Hierzu zählt auch der Einsatz sogenannter Illegaler Personen, die mit einer falschen Identität als hauptamtliche Mitarbeiter eines russischen Nachrichtendienstes eingeschleust werden. „Sie erhalten von der Zentrale ihres Dienstes Aufträge und übermitteln die Ergebnisse ihrer nachrichtendienstlichen Tätigkeiten unter Nutzung von konspirativen Methoden“, erläutert der Verfassungsschutz. Nach Informationen von WDR und NDR setzt Rußland dabei auf ein klassisches Werkzeug: den Agentenfunk per Kurzwelle. Seit dem russischen Angriffskrieg gegen die Ukraine soll sich die Aktivität der Moskau zugeschriebenen Sender erhöht haben. Ein Indiz, daß möglicherweise bereits eingeschleuste Spione neue Aufträge erhalten; oder daß sich die Zahl der Illegalen in den vergangenen Jahren sogar noch einmal erhöht haben könnte.

Auch die Bundeswehr geht von einem „fortgesetzt aggressiven Vorgehen der russischen Dienste“ aus, wie es im vergangene Woche vorgelegten Bericht des Militärischen Abschirmdienstes heißt. Dessen Spionageabwehr habe im Jahr 2023 beobachten können, „daß das vornehmlich strategische Interesse der russischen Dienste an Militärpolitik und -strategie sich zunehmend auf die taktische Ebene verlagert hat“. Ziel Moskaus sei es, „an Informationen zu gelangen, die den eigenen Streitkräften einen Vorteil auf dem Gefechtsfeld verschaffen“. Doch blieben auch „die Aufklärung und mögliche Sabotage von kritischer Infrastruktur und verteidigungswichtiger Anlagen in Deutschland eine weiterhin ernstzunehmende Bedrohung“, schreibt die Behörde.

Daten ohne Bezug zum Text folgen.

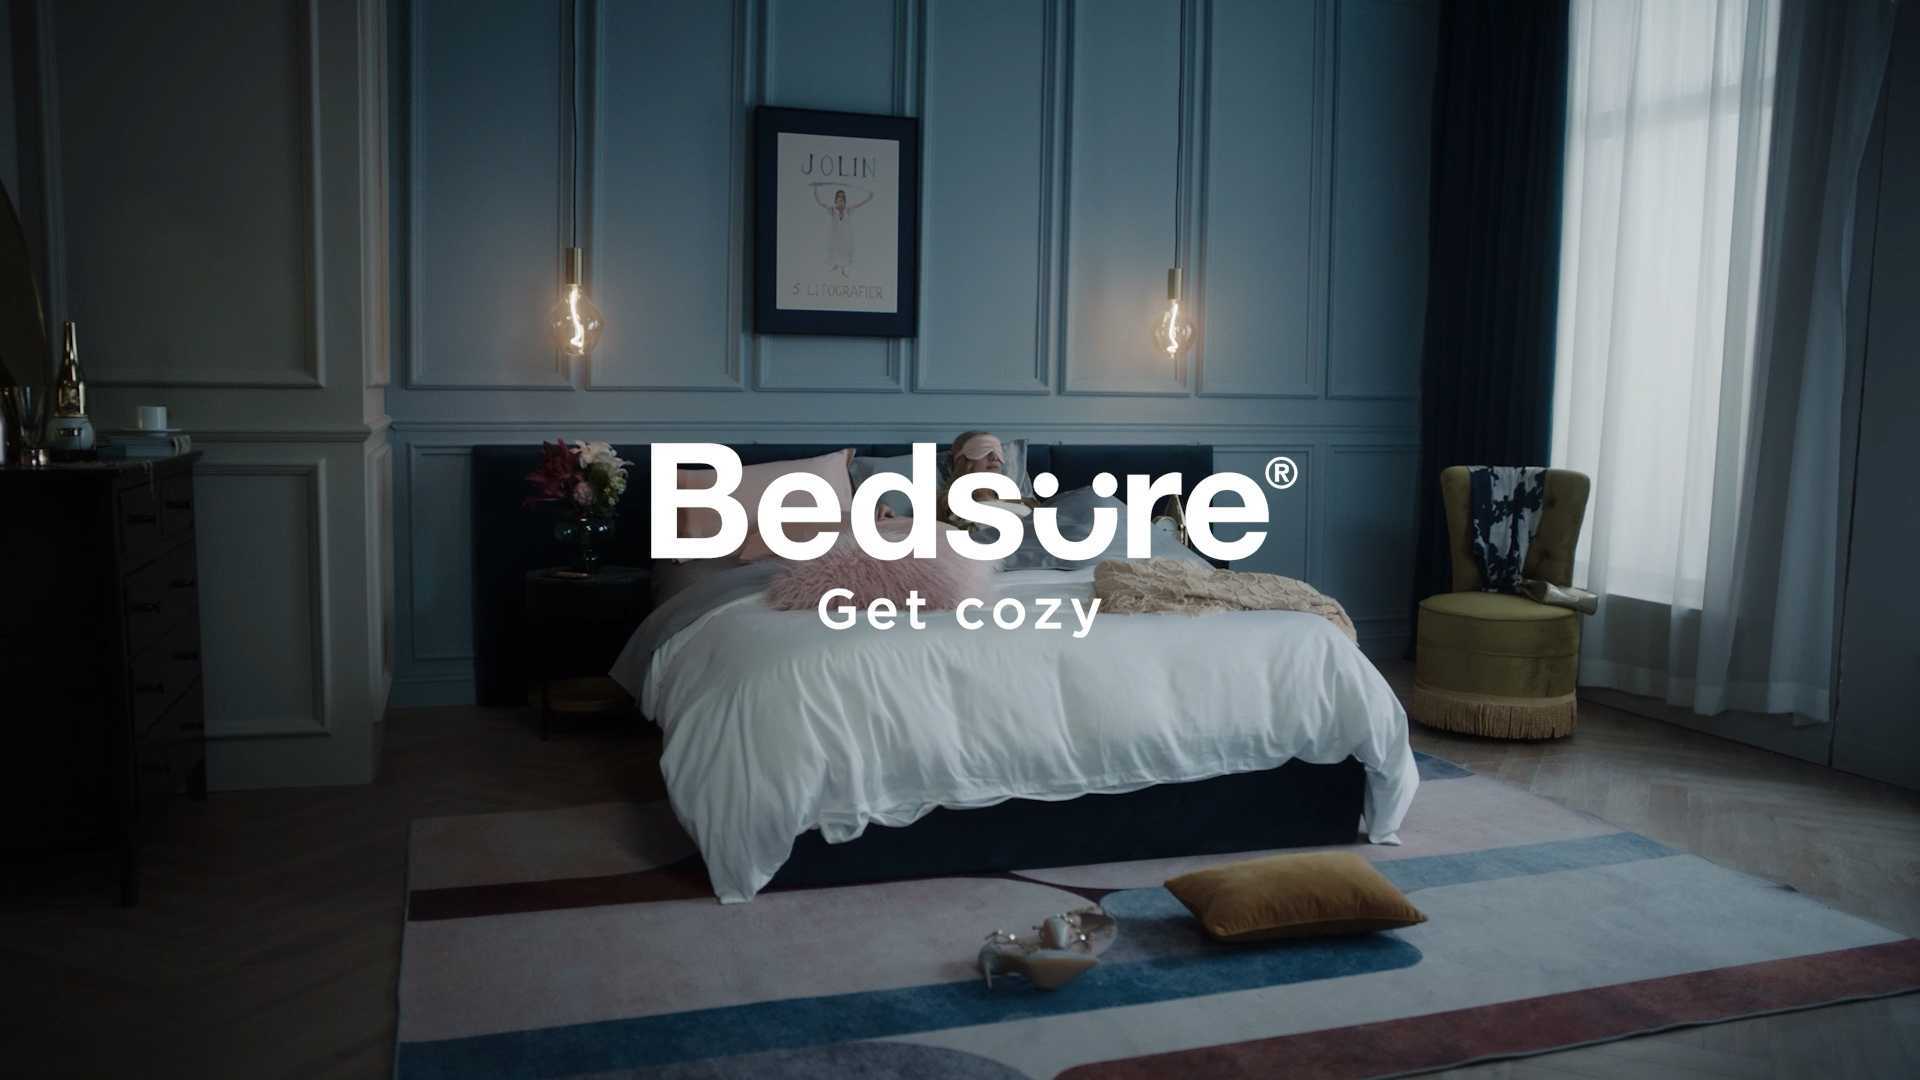 Bedsure Collection 2021 Amazon 电视广告

Zuletzt sorgten Berichte – und Gerüchte – über ein mögliches Eindringen unberechtigter Personen in Kasernen oder Einrichtungen der Bundeswehr für Aufsehen und Besorgnis. Ein Sabotageverdacht wurde bislang jedoch nicht erhärtet. Immer wieder gibt es unter Experten Kritik, die Standorte der Truppe seien nicht ausreichend gesichert, eine Schwachstelle seien beispielsweise die dort eingesetzten privaten Wachschutz-Dienstleister.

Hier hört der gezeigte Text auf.